# Flashed FE 2.0 and now status bar clock is missing?



## XaeroR35 (Jul 21, 2011)

The clock in my status bar is missing. The space for the clock is still there, just the text does not show up. It is as if there is a black font on a black status bar. How can I fix this ?


----------



## mattbiz22 (Aug 18, 2011)

Go to settings>tsm parts>statusbar settings


----------



## mattbiz22 (Aug 18, 2011)

You probably have to unchecked hide clock and then you need to reboot.


----------



## jewofa (Jun 28, 2011)

mattbiz22 said:


> Go to settings>tsm parts>statusbar settings


This is correct. Once you select the clock color you'd like reboot.


----------



## SpiffyRob (Jun 25, 2011)

It's in the OP. Always worth reading the OP of the thing you're flashing.
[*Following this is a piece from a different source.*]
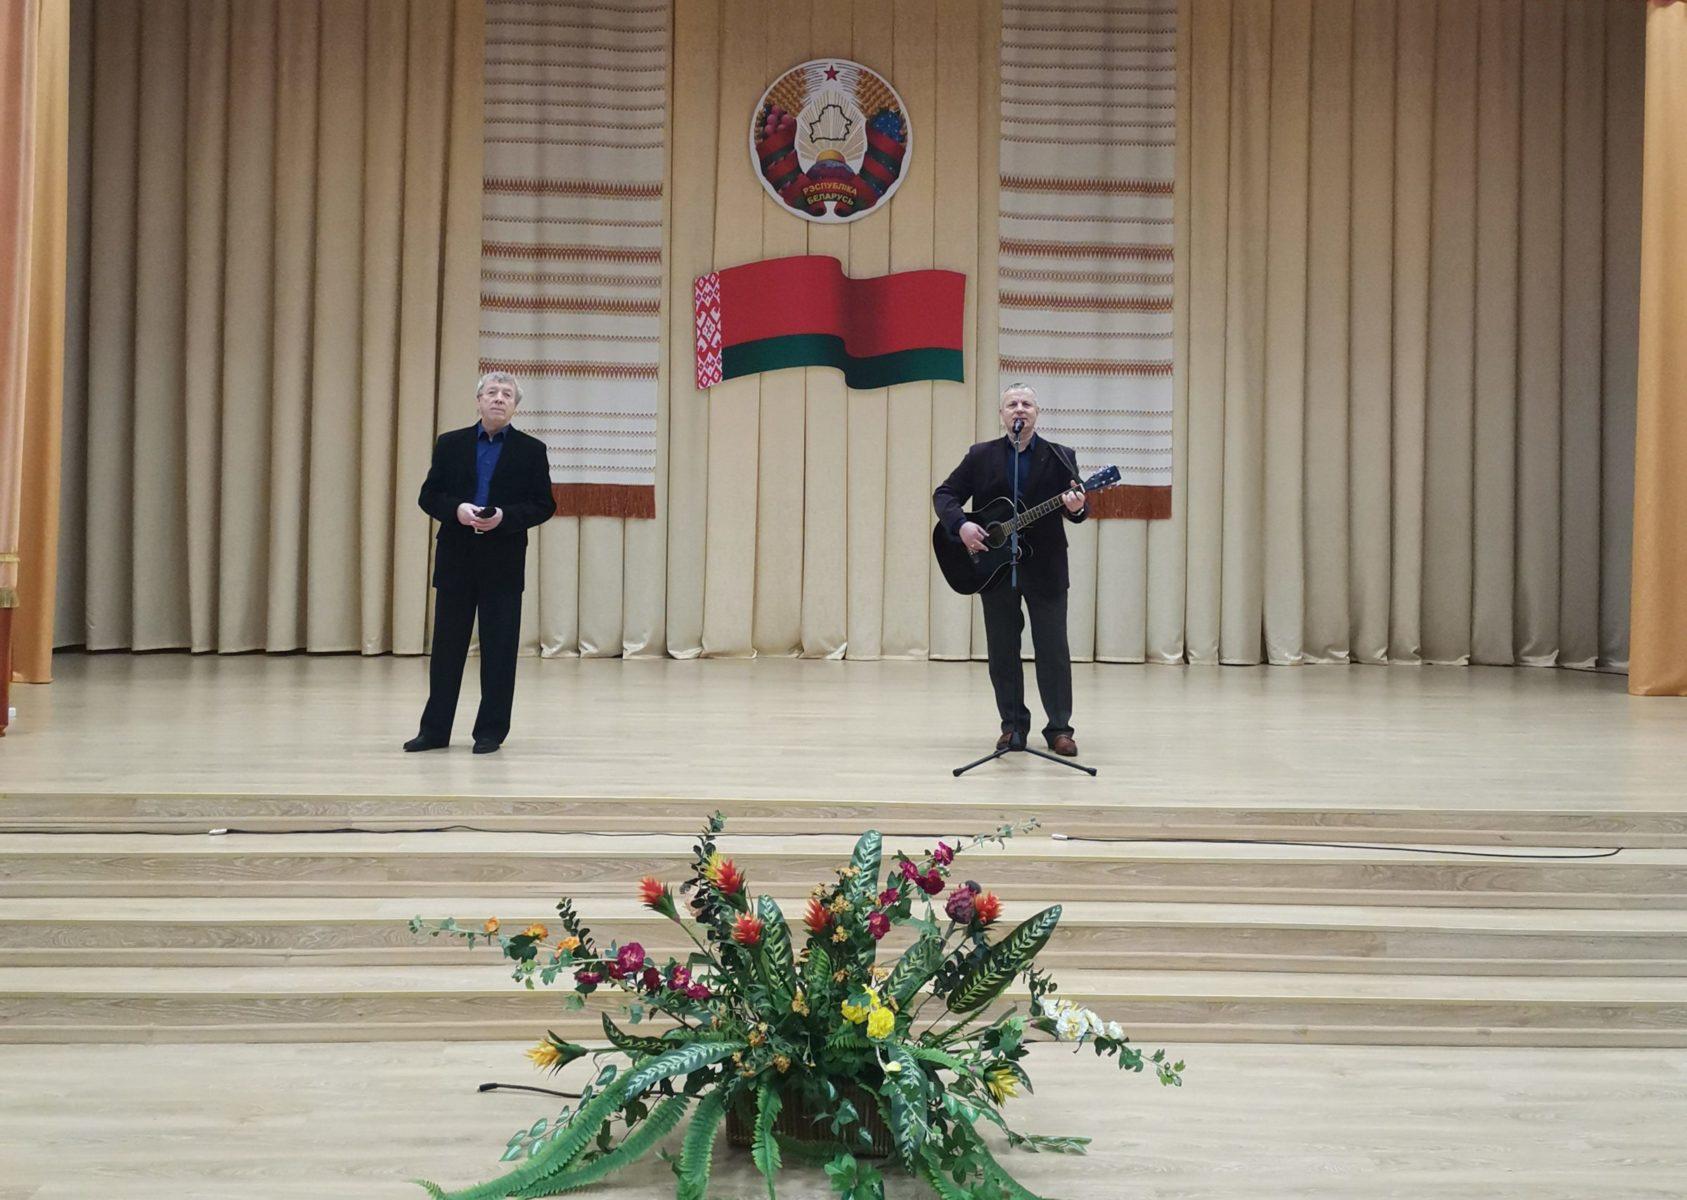 Ветераны милиции поздравляют коллег песней. Фото: Барановичий ГОВД
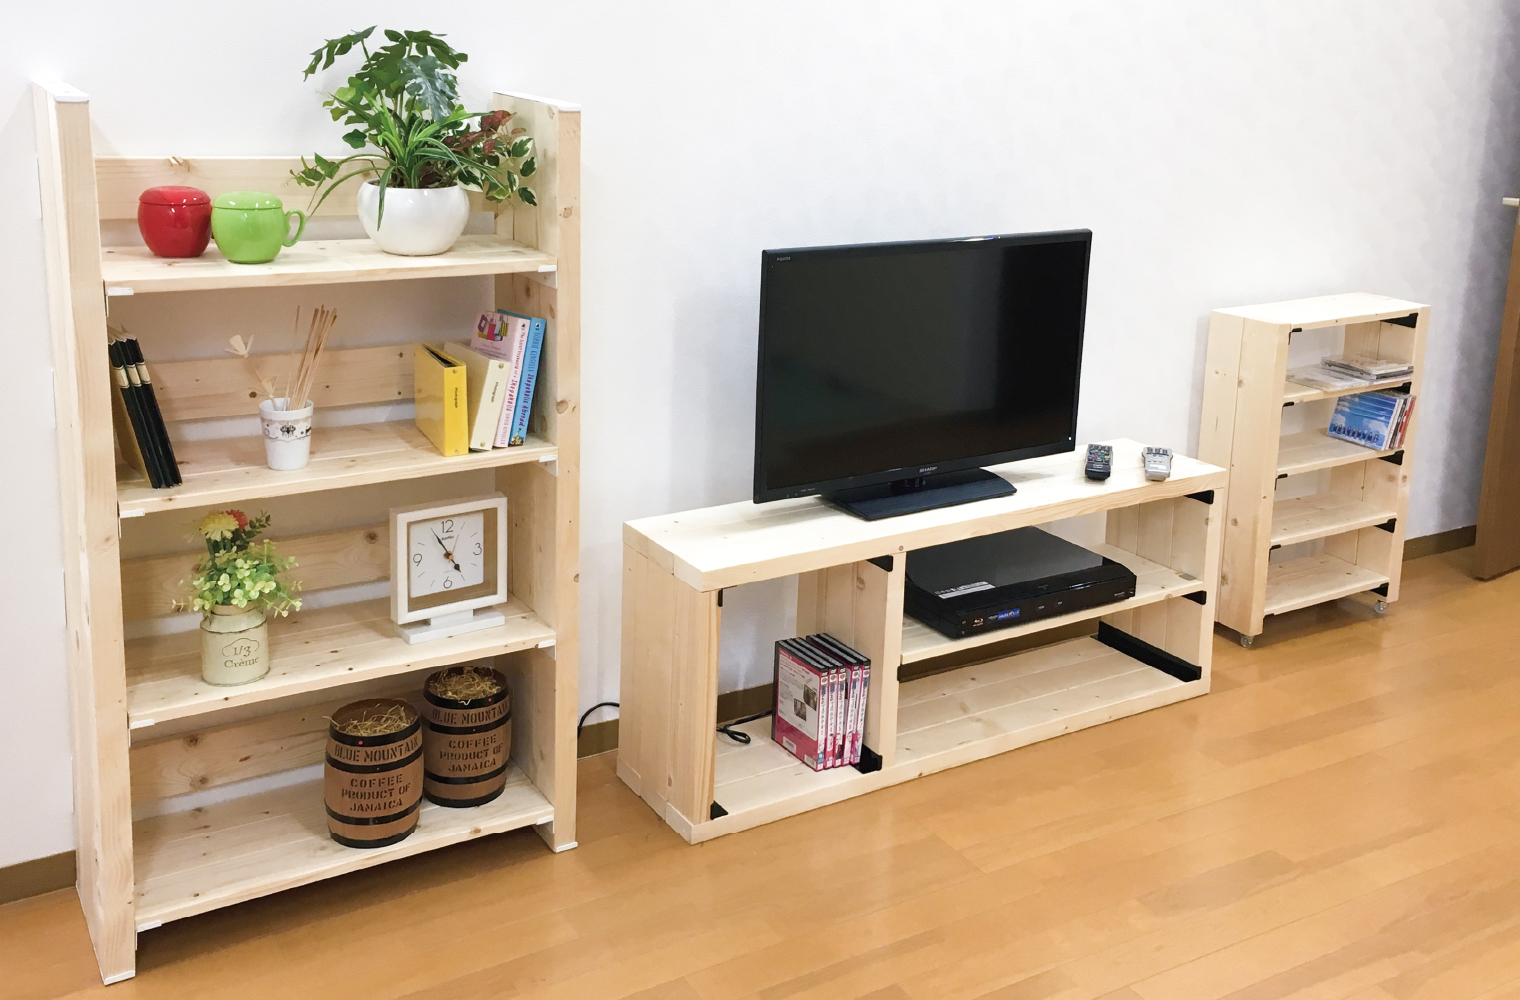 ウォリストで作った小型家具

-When you first boot up your clock will be a default of black and appear to be missing. Do not worry this is the way it is. Just goto Settings > TSM Parts > Notification Settings and set your clock color by either 1 selecting a different color in the wheel then clicking it in the center, or just clicking white. Any changes to the clock color requires a reboot to make the changes.


----------



## gotfondue (Sep 2, 2011)

seriously i didn't realize to save the color selection that you have to click the middle i was trying to figure that out...normally i do but lol THE MIDDLE!


----------